We did not find it was even raised prior to his removal. He did 
have duties that he had to undertake with the Reserves that 
brought him out of the office a fair amount. But everyone knew 
about that and he was in contact with the office, and this was 
not a reason for his firing we determined. We determined that 
this was an after the fact rationalization for it, and that was 
not the reason that actually led to his firing.
    Mr. Wexler. Did you find, I am curious, in terms of the 
Attorney General himself, Mr. Gonzales at the time, did you 
have a sense of what his understanding was with respect to the 
reasons in light of what he provided to this Committee?

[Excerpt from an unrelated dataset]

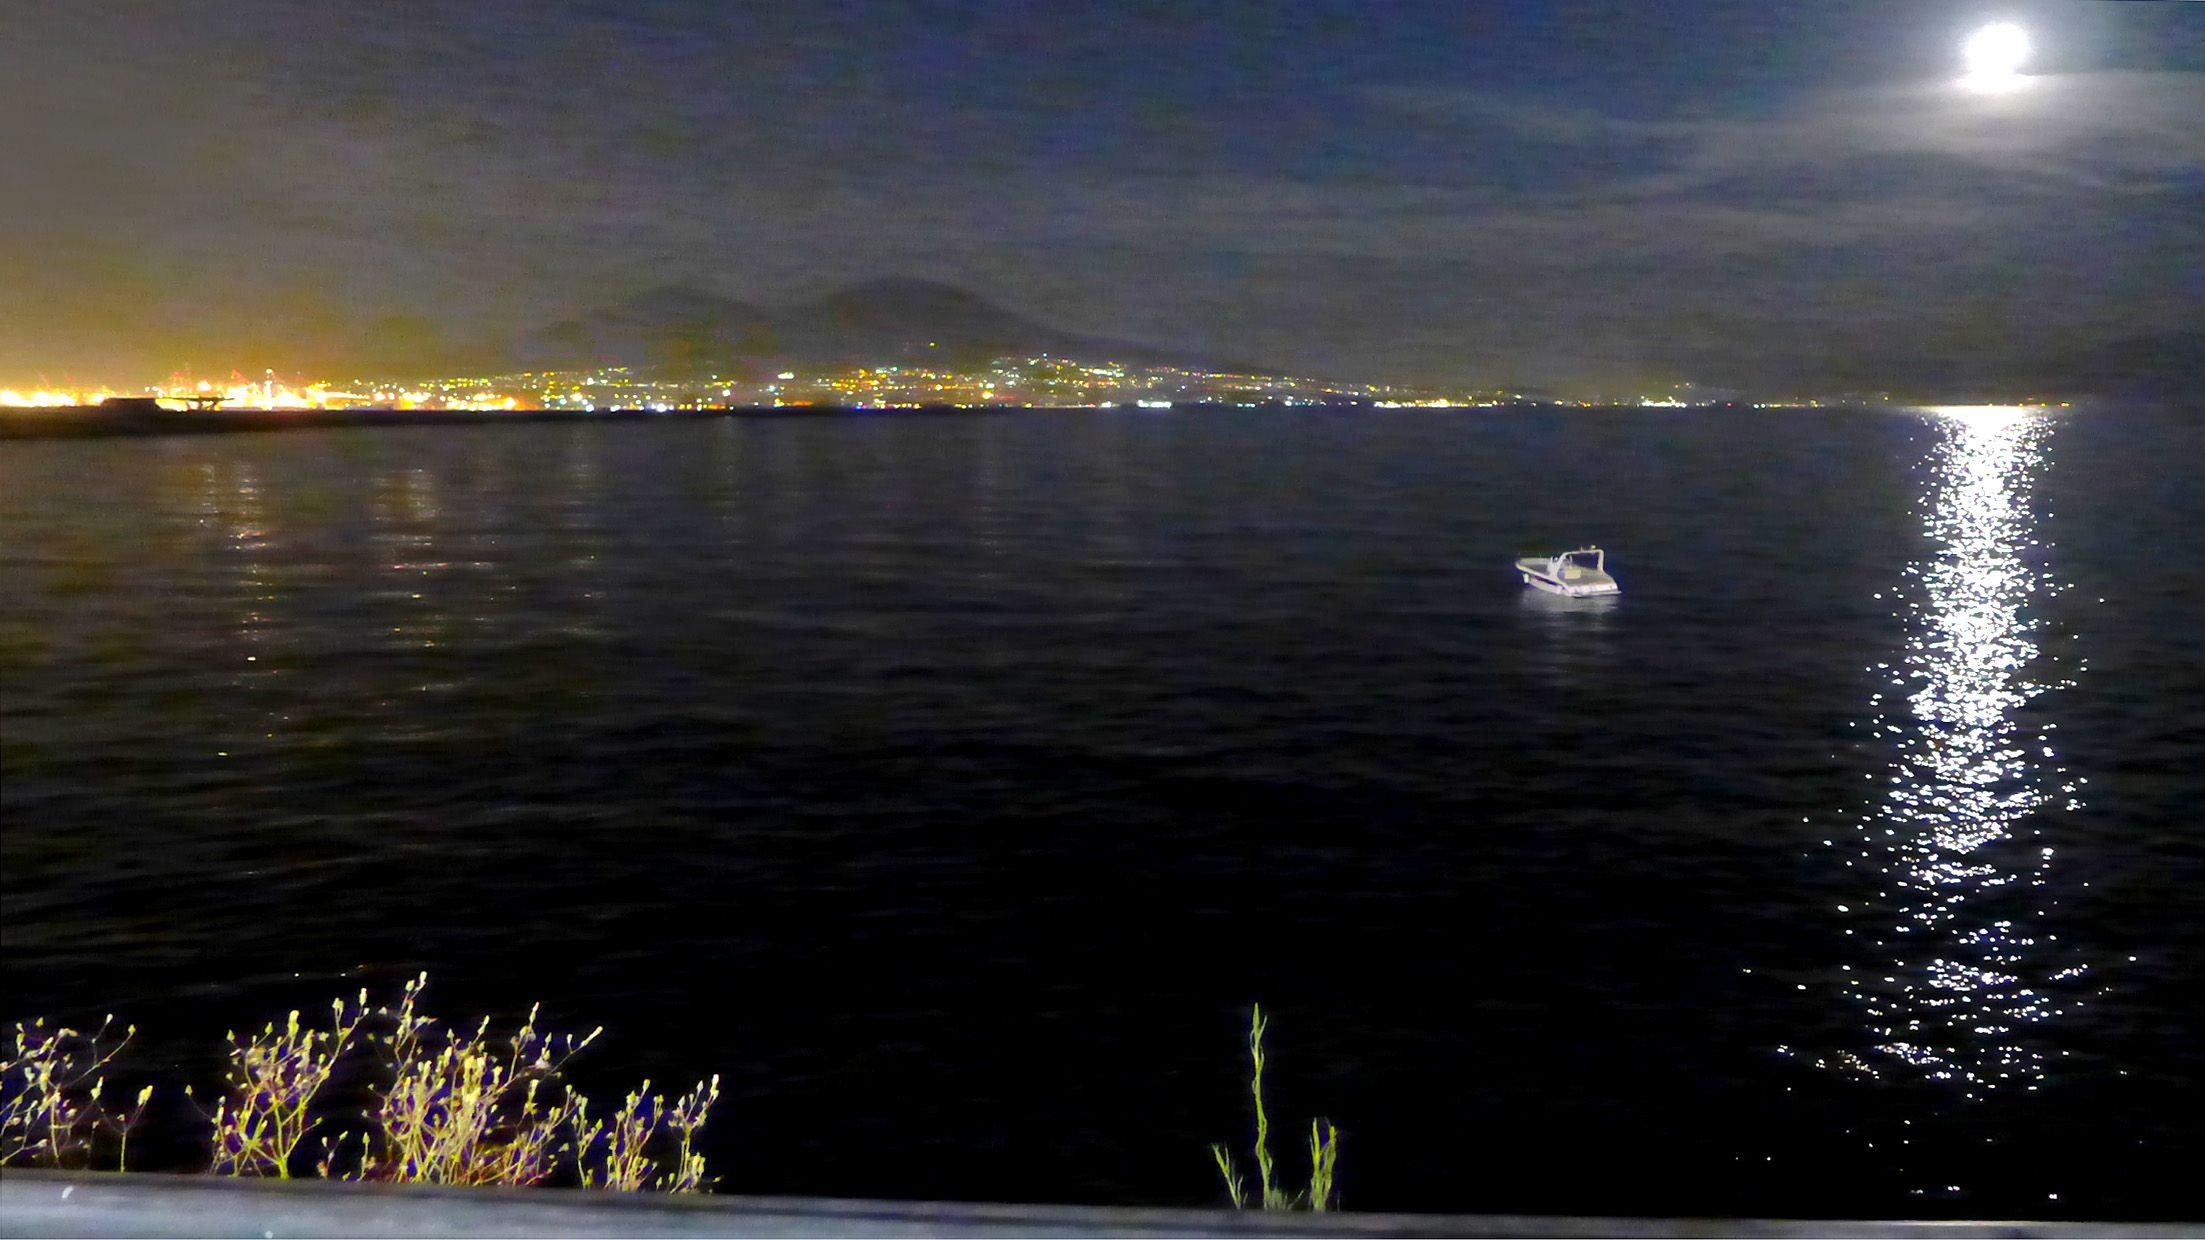 Napoli 150602-2135 by Schoendy

    Mr. Fine. Our overall finding on that is that he was 
remarkably unengaged from the process. He had delegated it, 
with little supervision or oversight to Kyle Sampson. That he 
approved these removals without inquiring in detail why certain 
people were on the list and what process had been used. And he 
called himself the delegator. He delegated this and did not 
provide sufficient oversight or supervision over a very 
significant matter, the removal of a group of high-level 
appointees who had important jobs within the Department. And we 
thought that he abdicated his responsibilities to ensure that 
it was appropriate what was happening here.
    Mr. Wexler. Thank you very much, Mr. Fine. I also want to 
commend you and all the people that work with you. People like 
you are what allow the American people to have confidence again 
because you appear to be--and I have no doubt your purpose is 
to provide the truth to this Congress. And we greatly 
appreciate yours and the people who work with you, your 
efforts. Thank you very much.
    Mr. Conyers. Thank you, Mr. Wexler.
    I am pleased to introduce our Chairman of the Constitution 
Committee, Jerry Nadler, who has worked on many of these 
matters more than perhaps any other Member of the Judiciary 
Committee.
    Mr. Nadler. I thank the Chairman. I thank the inspector 
general.
    Mr. Fine, it has been reported that Ms. Dannehy was 
appointed to the special counsel who will make a preliminary 
report to the Attorney General within the next 2 months. Do you 
know when this report will be made public?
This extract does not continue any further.